§ **EXERCISE**
What are the lines, copied exactly, from the one containing "Imagens De Cumprimento: Corporate" through the final line of the material? Leave the pictures out.

§ **DATA EXCERPT**
* * *
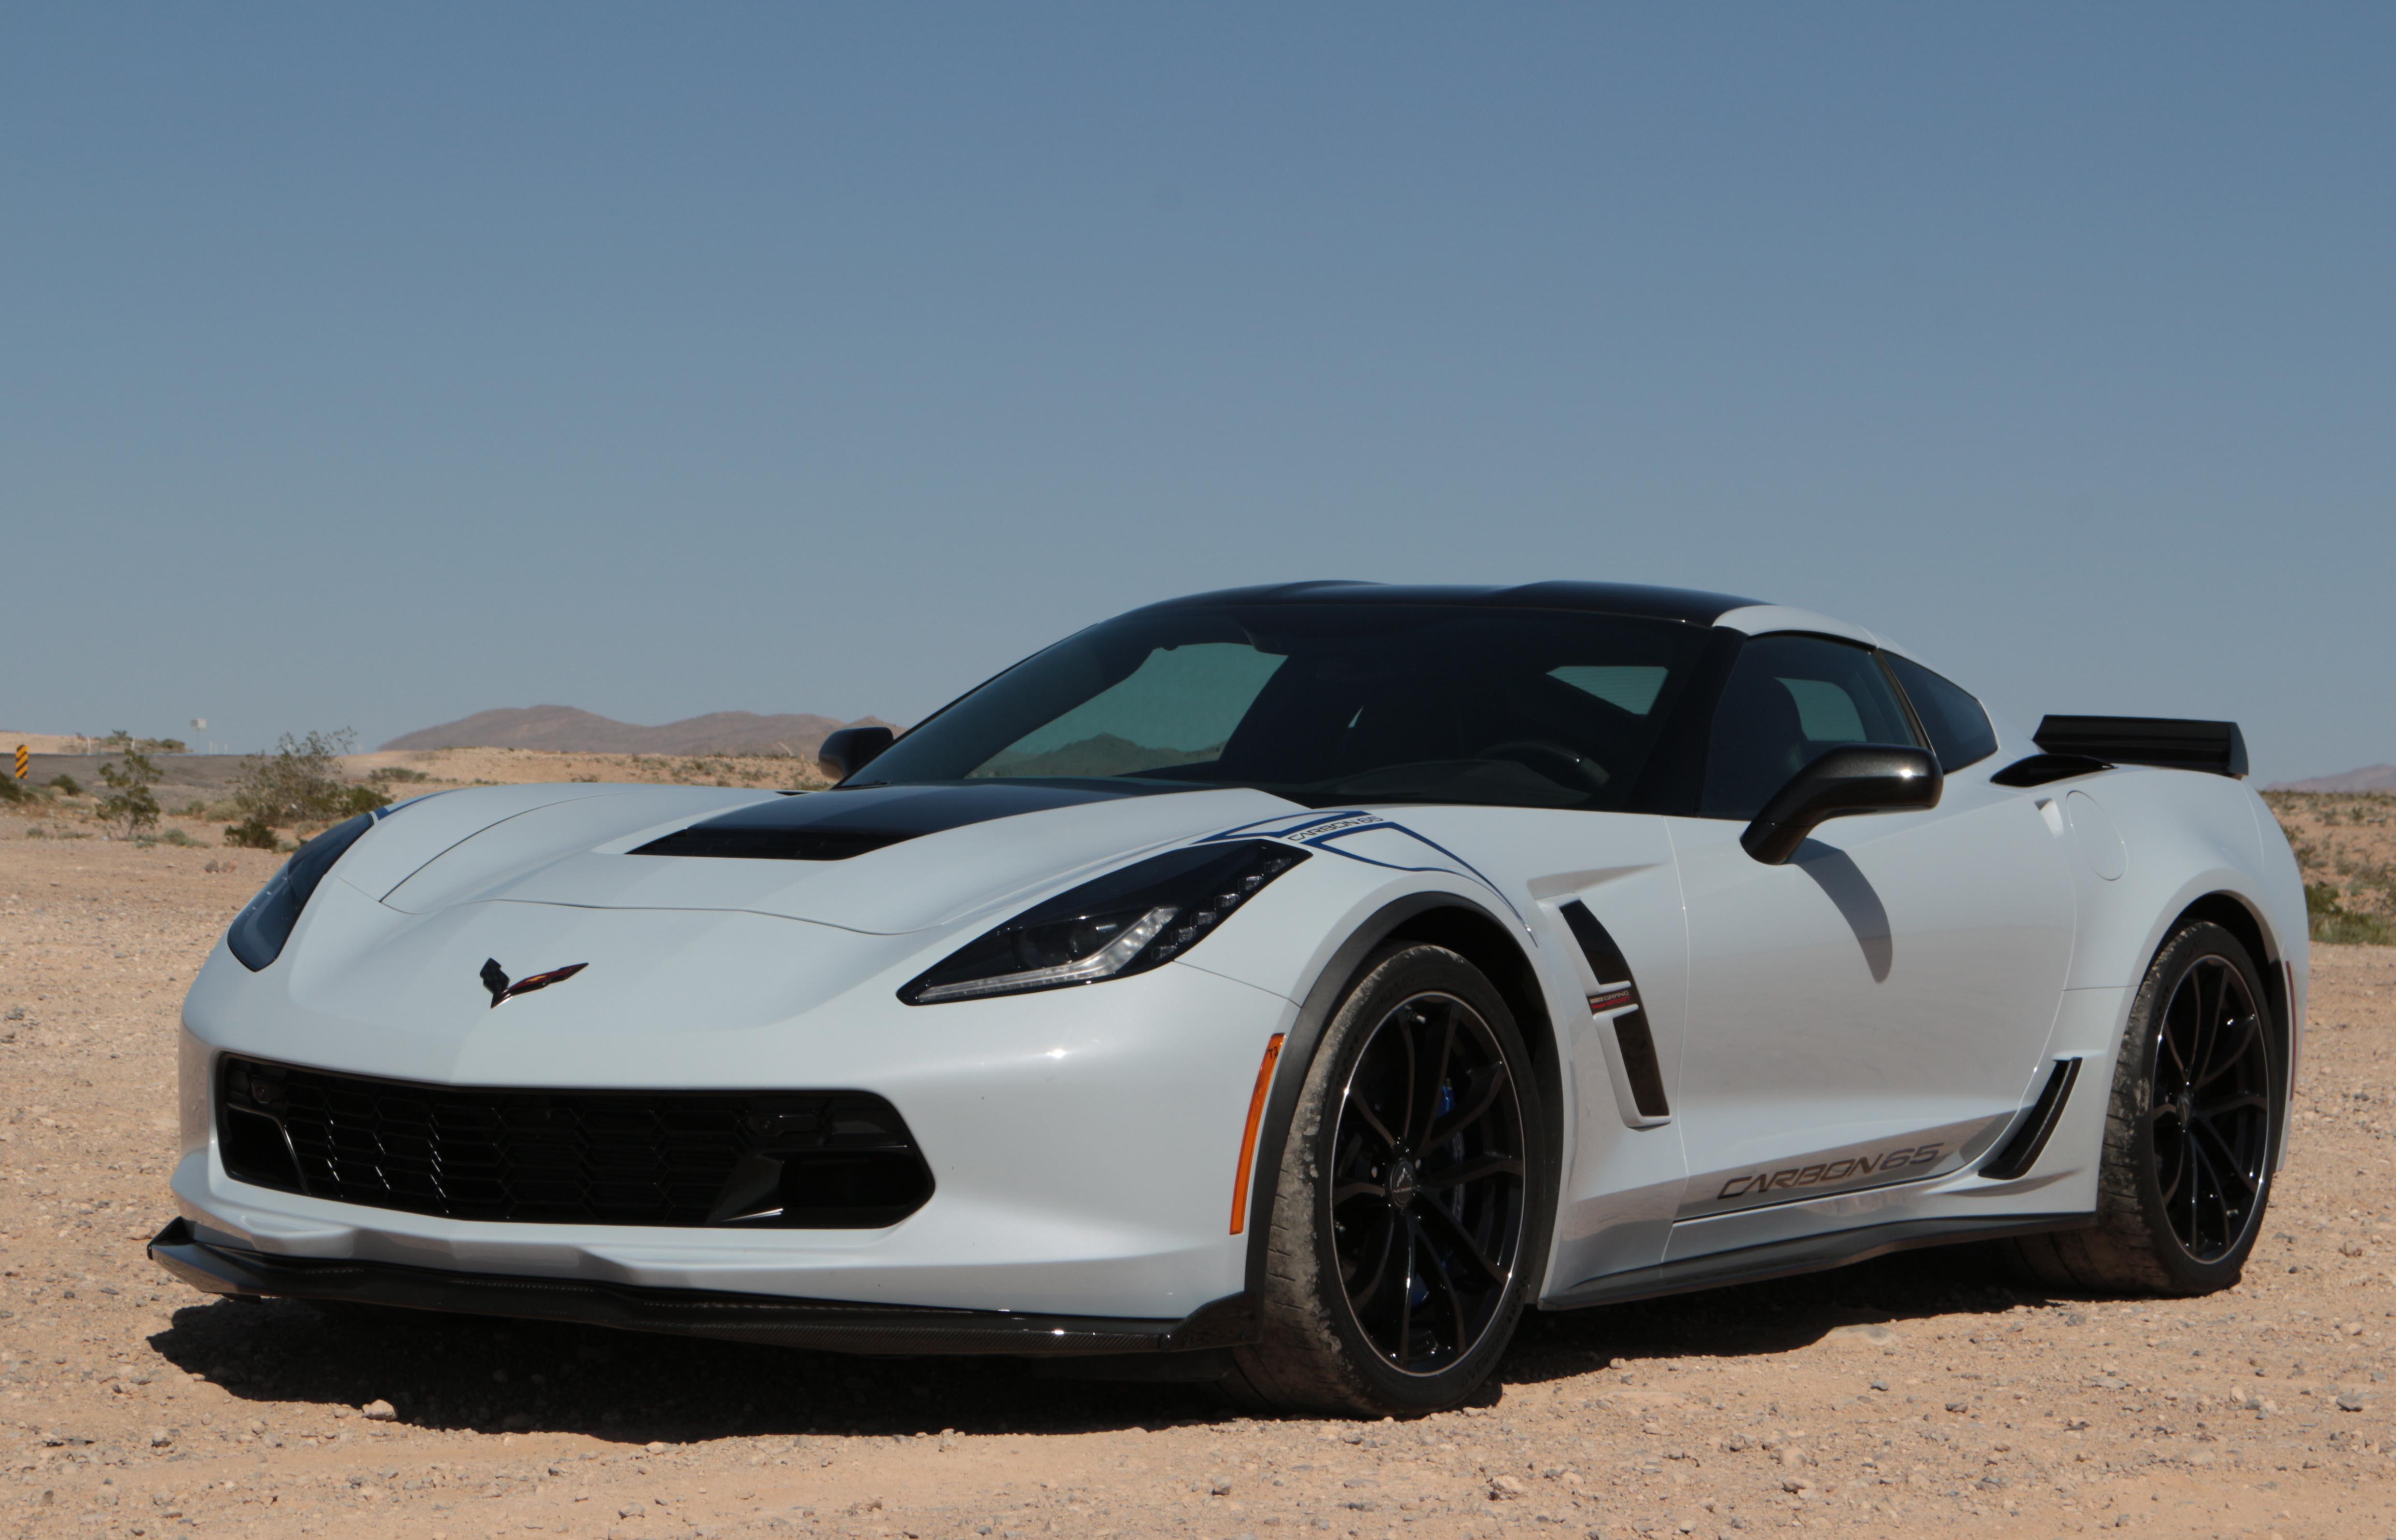 Review: 2018 Chevrolet Corvette Grand Sport Carbon 65
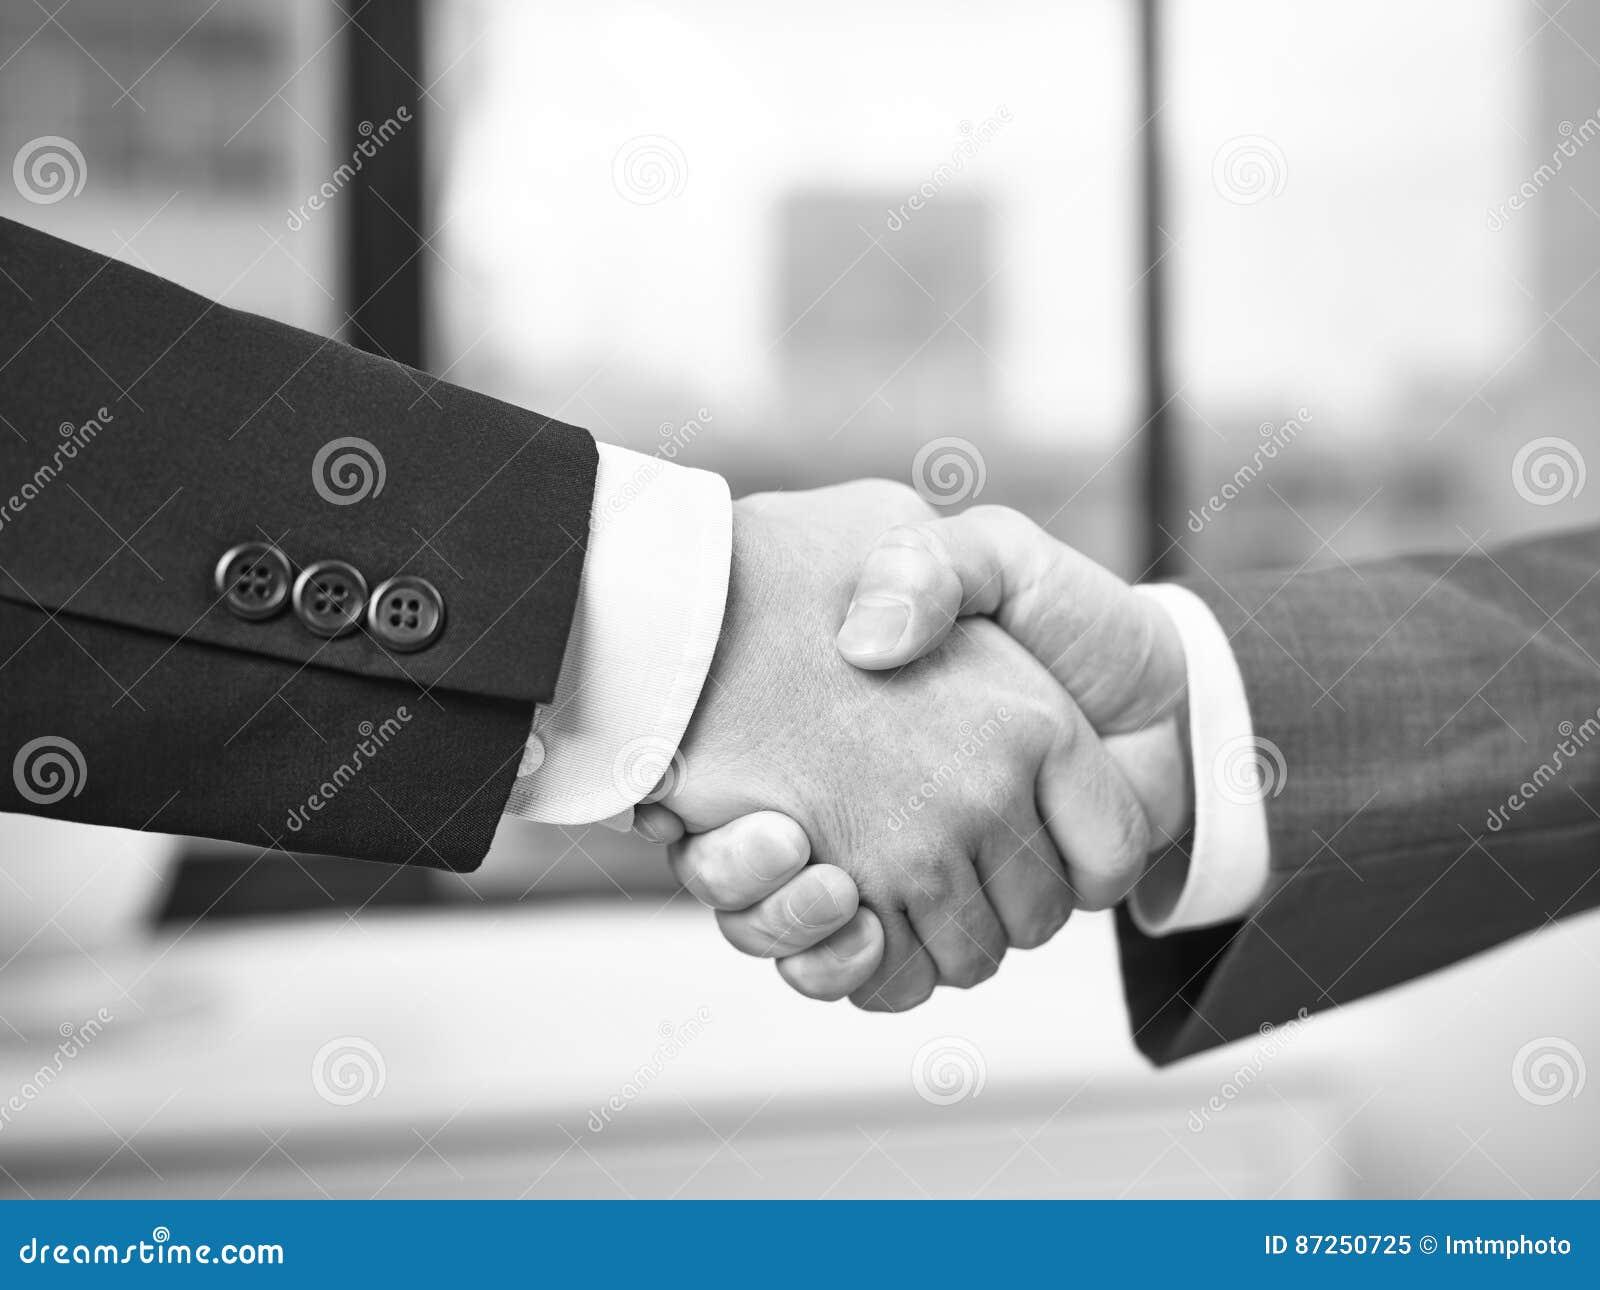 Imagens De Cumprimento: Corporate People Shaking Hands In Office Stock Image
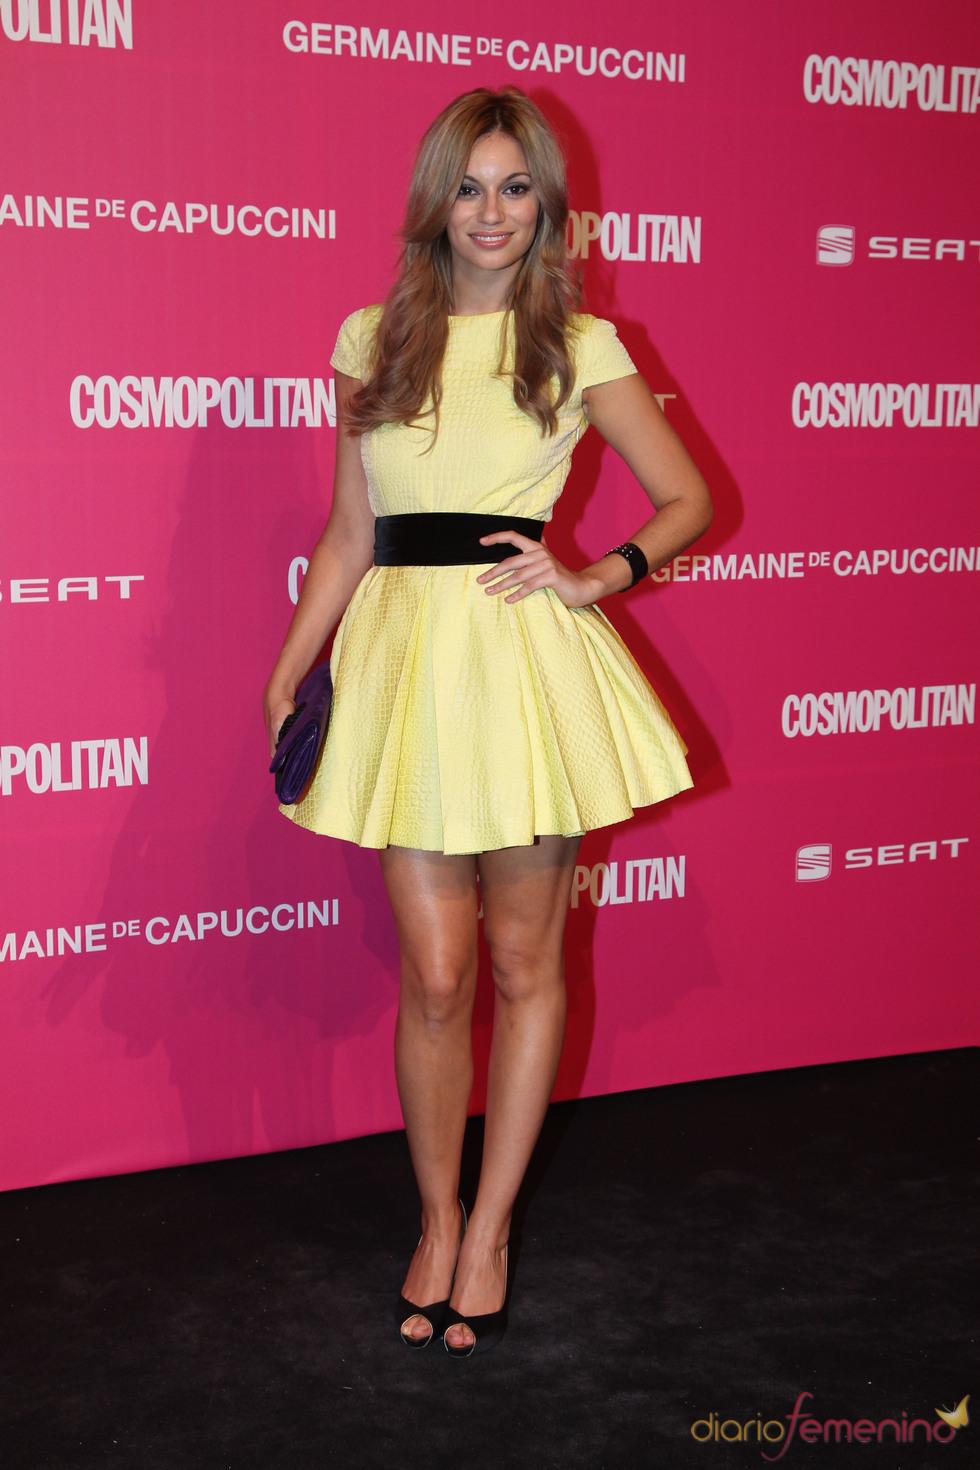 Premios Cosmopolitan 2010: Norma Ruiz
* * *
§ **TASK RESPONSE**
 Imagens De Cumprimento: Corporate People Shaking Hands In Office Stock Image
 Premios Cosmopolitan 2010: Norma Ruiz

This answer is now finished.